For the first time in a while I was thankful to be on disability. I did some bad things to my body Saturday night/Sunday Morning and am recovering. I looked at my calendar and saw it was empty except for a doctor visit on Friday and I felt relieved. Had I been working, I would have had to call in sick all this week.
I had been having spasms on Saturday. So I took my muscle relaxer to stop them. I woke up in the middle of the night, took off my CPAP and went to the restroom. When I returned, I didn’t put my CPAP back on and fell back asleep. Not long after, I aspirated bile from my stomach.

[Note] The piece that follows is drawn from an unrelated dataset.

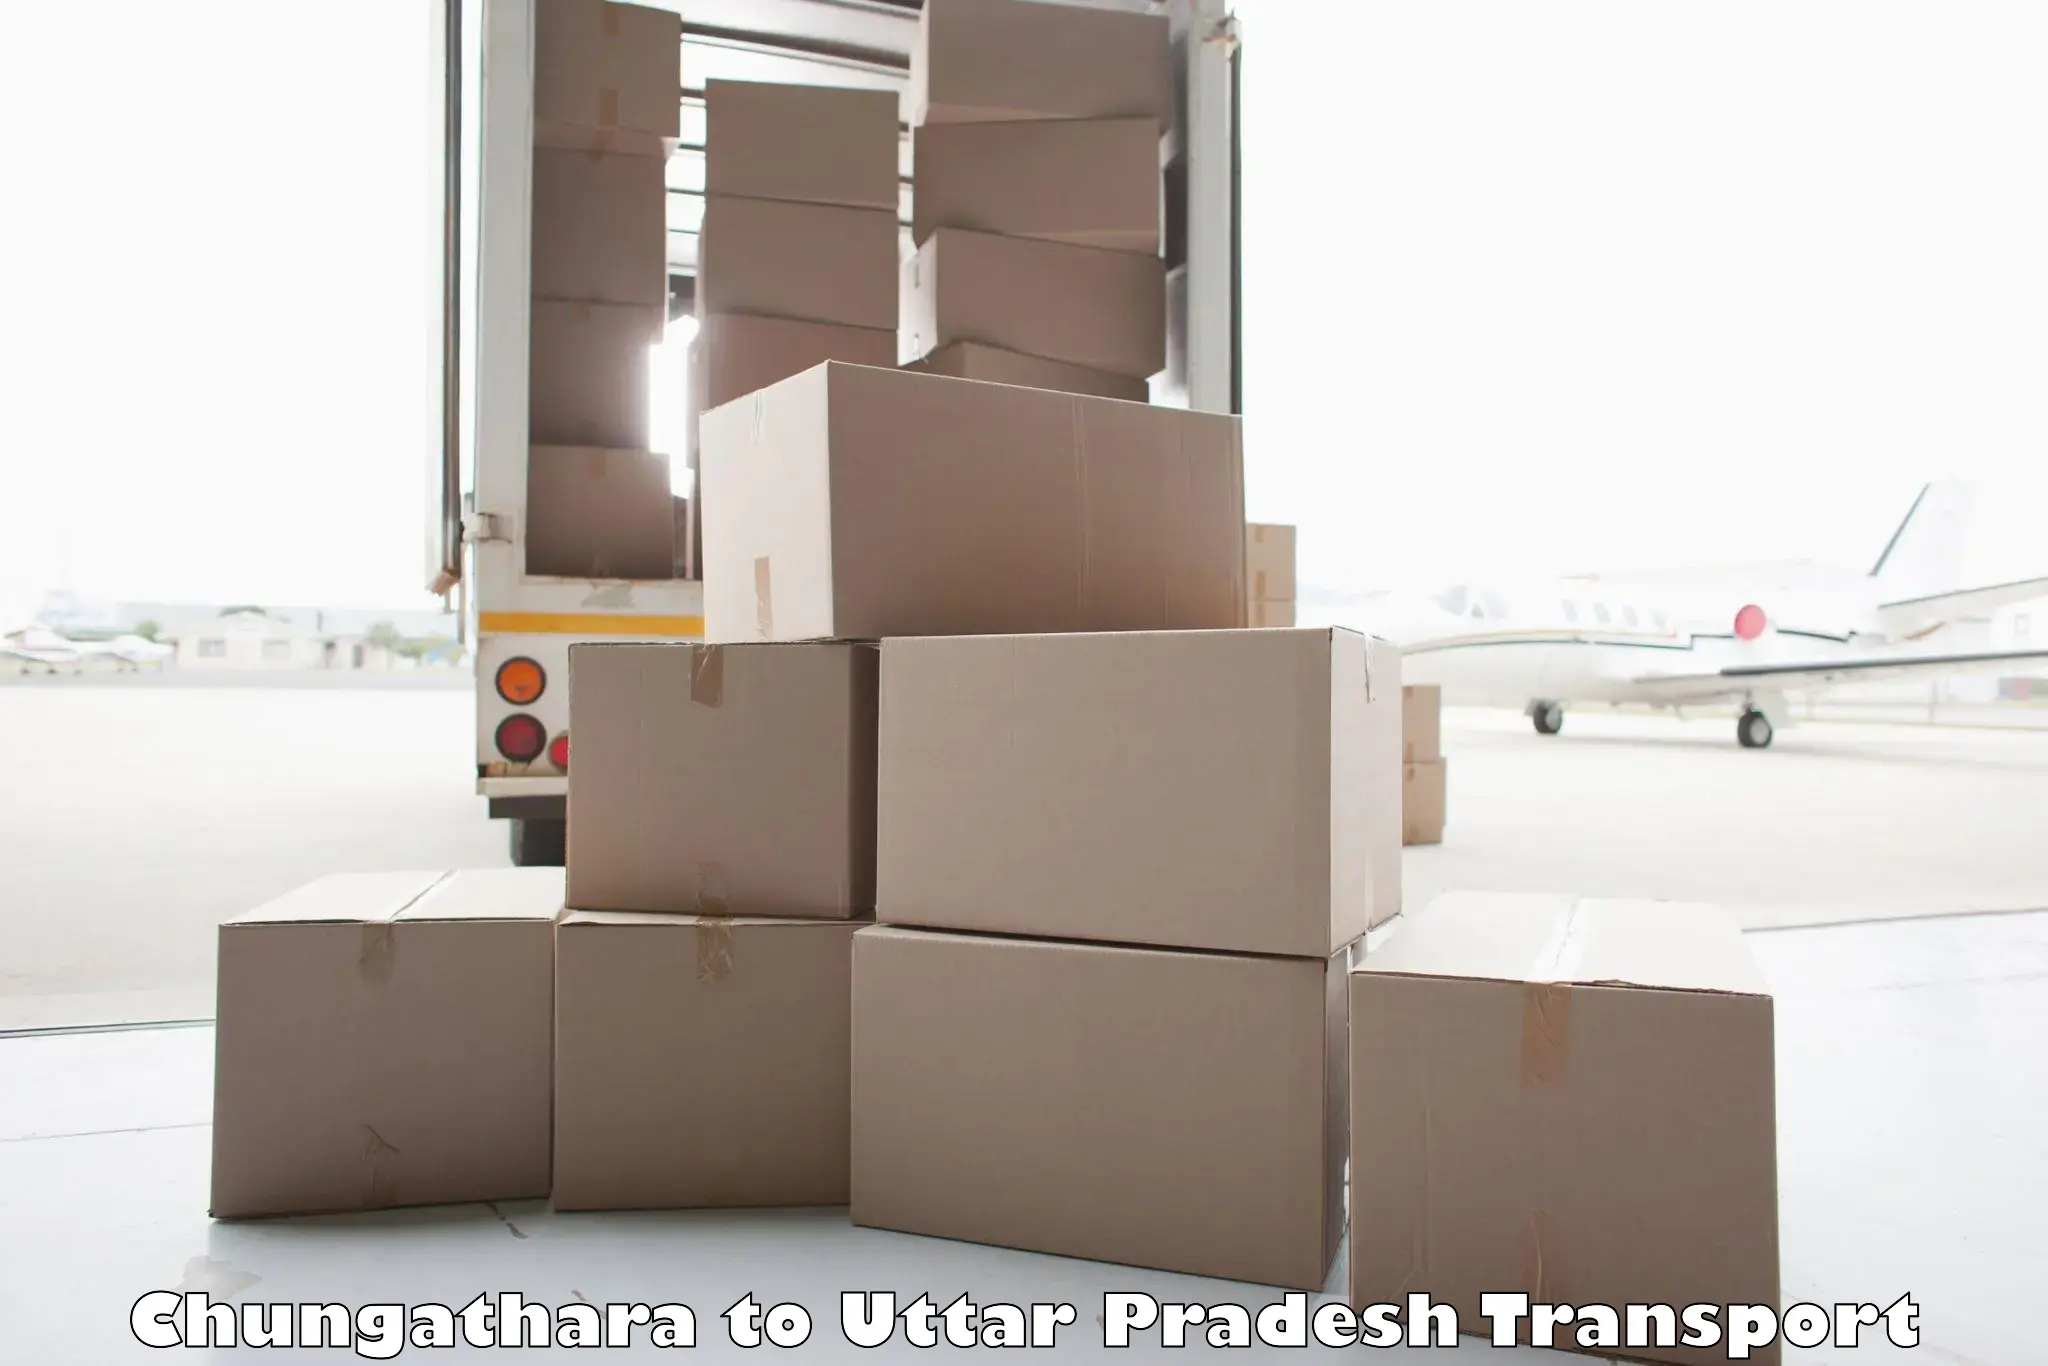 Logistics transportation services Chungathara to Khadda
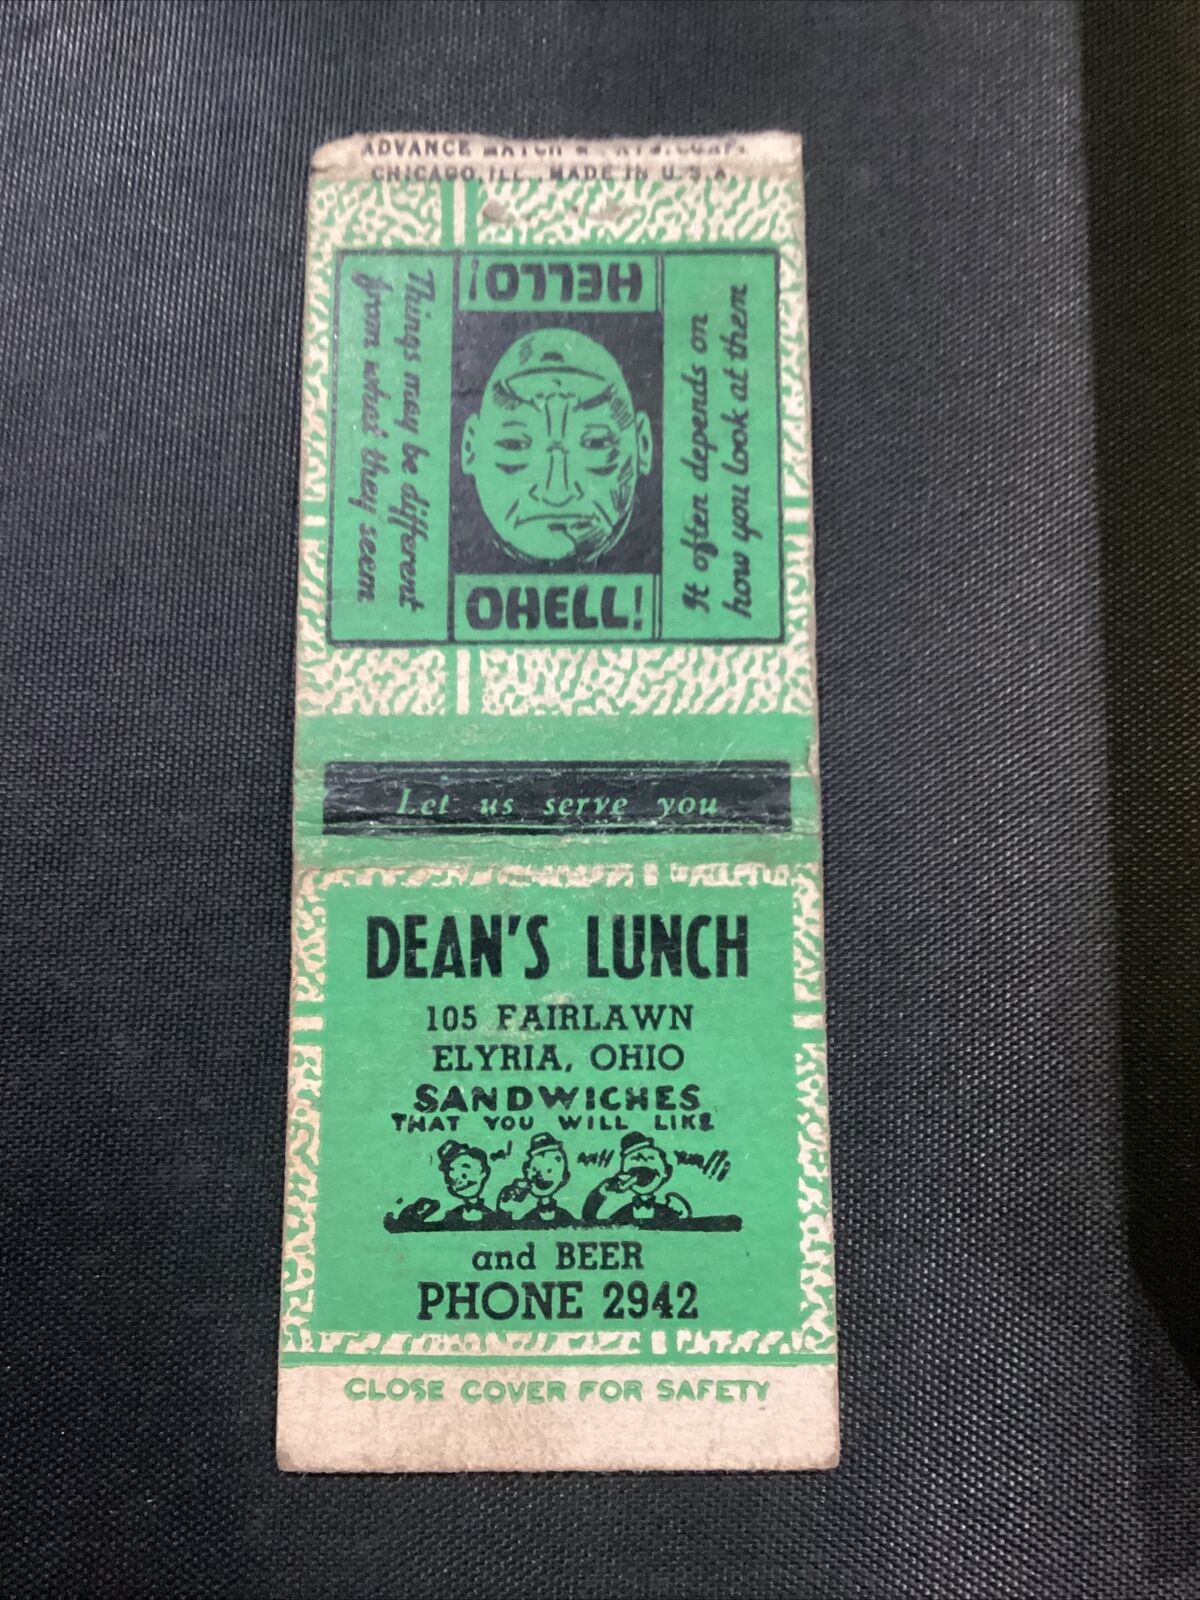 Dean’s Lunch Fairlawn Elyria Ohio Sandwiches Restaurant Ad trimmed Matchbook Cvr

In a panic, I ran to the bathroom next to my room. Yes, I said ran. When I regained cohesiveness, I realized I wasn’t vomiting, I couldn’t breath. In my successful efforts to clear my lungs, I somehow managed to pull almost every muscle in my upper torso and arms.
It hurt to touch anything yesterday. Today, it’s not so bad. That’s why I’m typing this today and not yesterday. I did manage to type some things yesterday, but it was on my laptop where I could rest my arms while typing.
It is weird. For the first time, my upper body is worse off than my lower. I can walk fine as the muscle relaxers did their job, but, I’m having trouble drinking coffee. So, I’m walking, just not touching anything. It’s almost comical.
God has blessed me with an crazy disease that makes no sense. In the midst of pain, I find there is comedy. How my abilities fade in and out so quickly, remains an enigma.
I am convinced that my symptoms are shaping out to be as similar to MS as they can be, although the tests deny MS. The point is moot as there are treatments for MS, which I am doing, but no cure. It just means I will live out this internal comedy for the remainder of my years. I just wish the disease would back off and give my family and me peace for a while.